Note that this cycle did not produce a new version of the ZkpComRef, so it was decided to the continue the work throughout the following cycle.

Cycle 2019

You can find the notes from the discussions that took place in the “breakout” and “proposal” sessions at the 2nd ZKProof Workshop in the community forum.

The received and integrated contributions are documented in the Diff (diff-v0.2-from-v0.1.pdf) and also reflected in the GitHub page. Each contribution is tagged as suggested, confirmed, submitted and integrated as per its current status, which allows the community to track the state of the contributions. Contributions may be of several types, such as: writing a new section or paragraph; creating or editing a table; upgrading the bibliography; editing typos, etc.

Submission Process

Step 1 (by July 16th): Confirm intent to contribute and identify items of contribution

If your name appears in the list of contributors or you want to volunteer with a new suggestion, then, by June 22nd, please do:

  1. Send an email to [email protected] confirming (or refuting) your contribution, including the details listed below; or
  2. Submit the initial explanation as a GitHub issue in the zkreference repository (see the existing issues as examples).

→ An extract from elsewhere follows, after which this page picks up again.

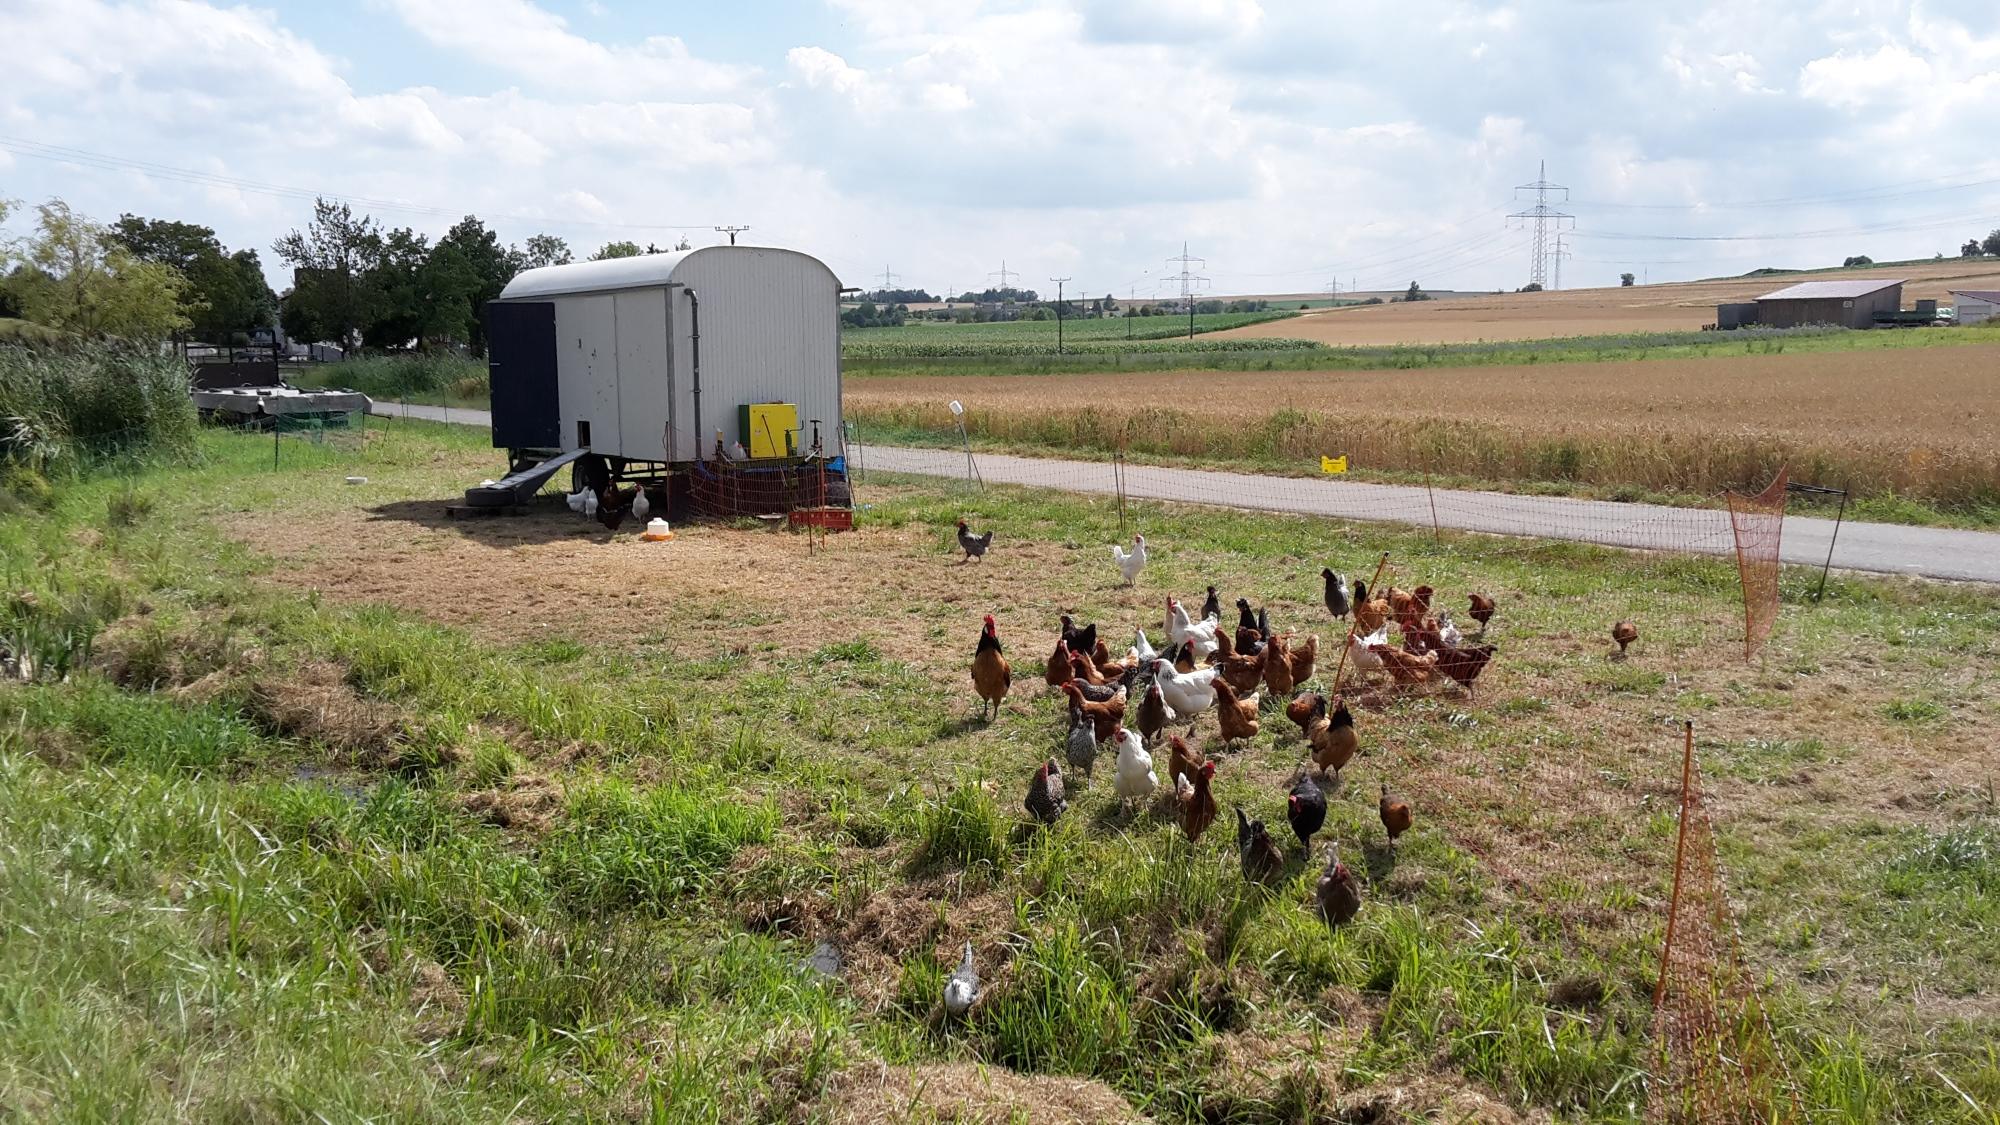 Mobile Hühnerställe für Hofläden: Hühnerhaltung leichtgemacht für Kleinerzeuger

If you confirmed your proposed contribution through email, or by default if you’ve volunteered earlier but do not confirm, the editors will create the GitHub Issue for the identified contribution (see the existing issues).

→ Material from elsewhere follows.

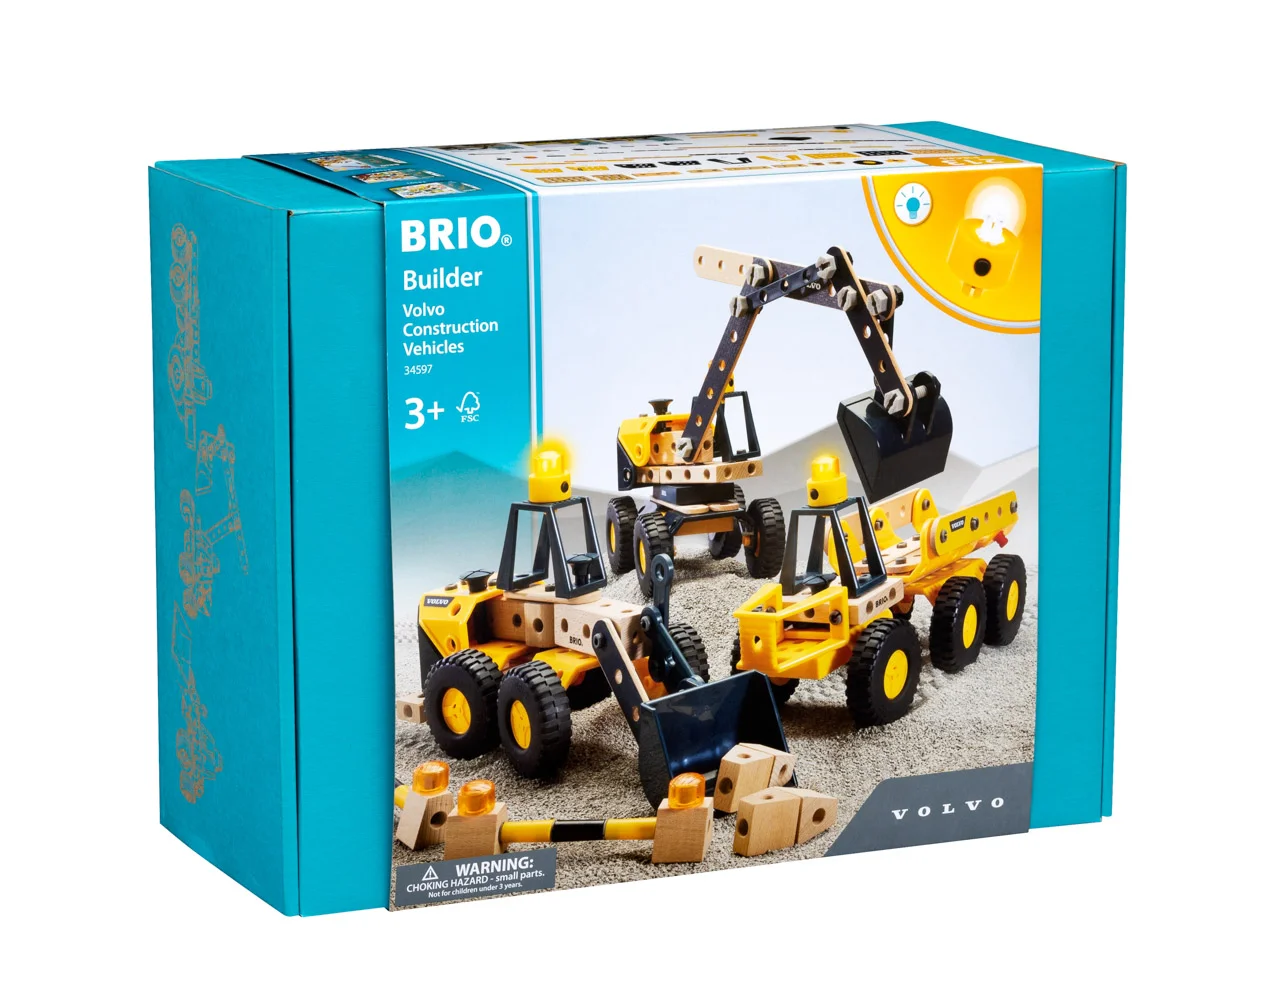 Builder - stavební vozidla Volvo, 3 stroje
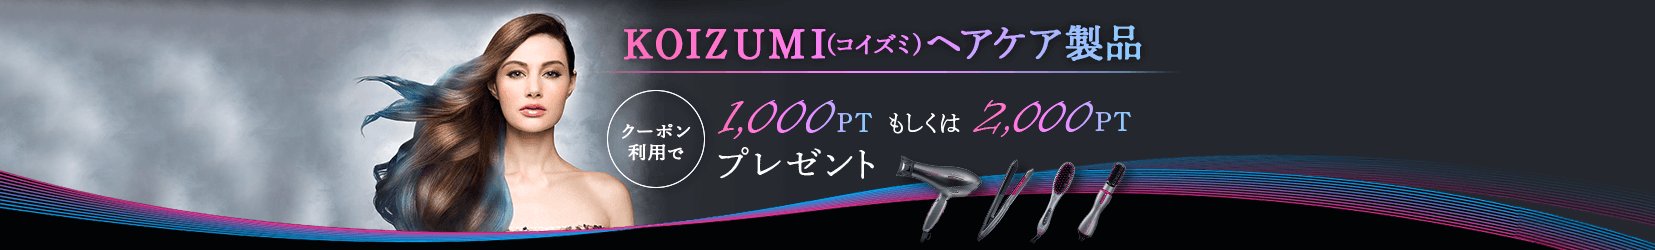 KOIZUMI（コイズミ）ヘアケア製品 クーポン利用で1,000PTもしくは2,000PTプレゼント

Each contribution should be accompanied by an explanation, which the editors will later use in a “diff” file (that will cross reference all changes with their explanations). The explanation should include:

  • Issue title: <a title for the contribution; 3-10 words>
  • Proposed contribution: <brief description and motivation about the change; 20-50 words>
  • Related locations: <location in the (Reference or Proposal) document where the contribution should be added>
  • Proposed contributors: __
  • Contribution context: <e.g., which session in the ZKProof workshop motivated this>

Step 2 (by September 10th): Submit the contributions

Choose any of these three official methods to submit your contribution:

  • Email to contributors: send an email with your contribution and the (possibly revised) explanation to [email protected]
  • GitHub issues: submit the contribution to the GitHub issue previously created about the intended contribution.
  • GitHub pull requests: you can also submit a GitHub pull request to the master branch of the zkreference repository with the contribution integrated into the LaTeX document.

Cycle 2018

A set of three documents was created in the 1st ZKProof Workshop.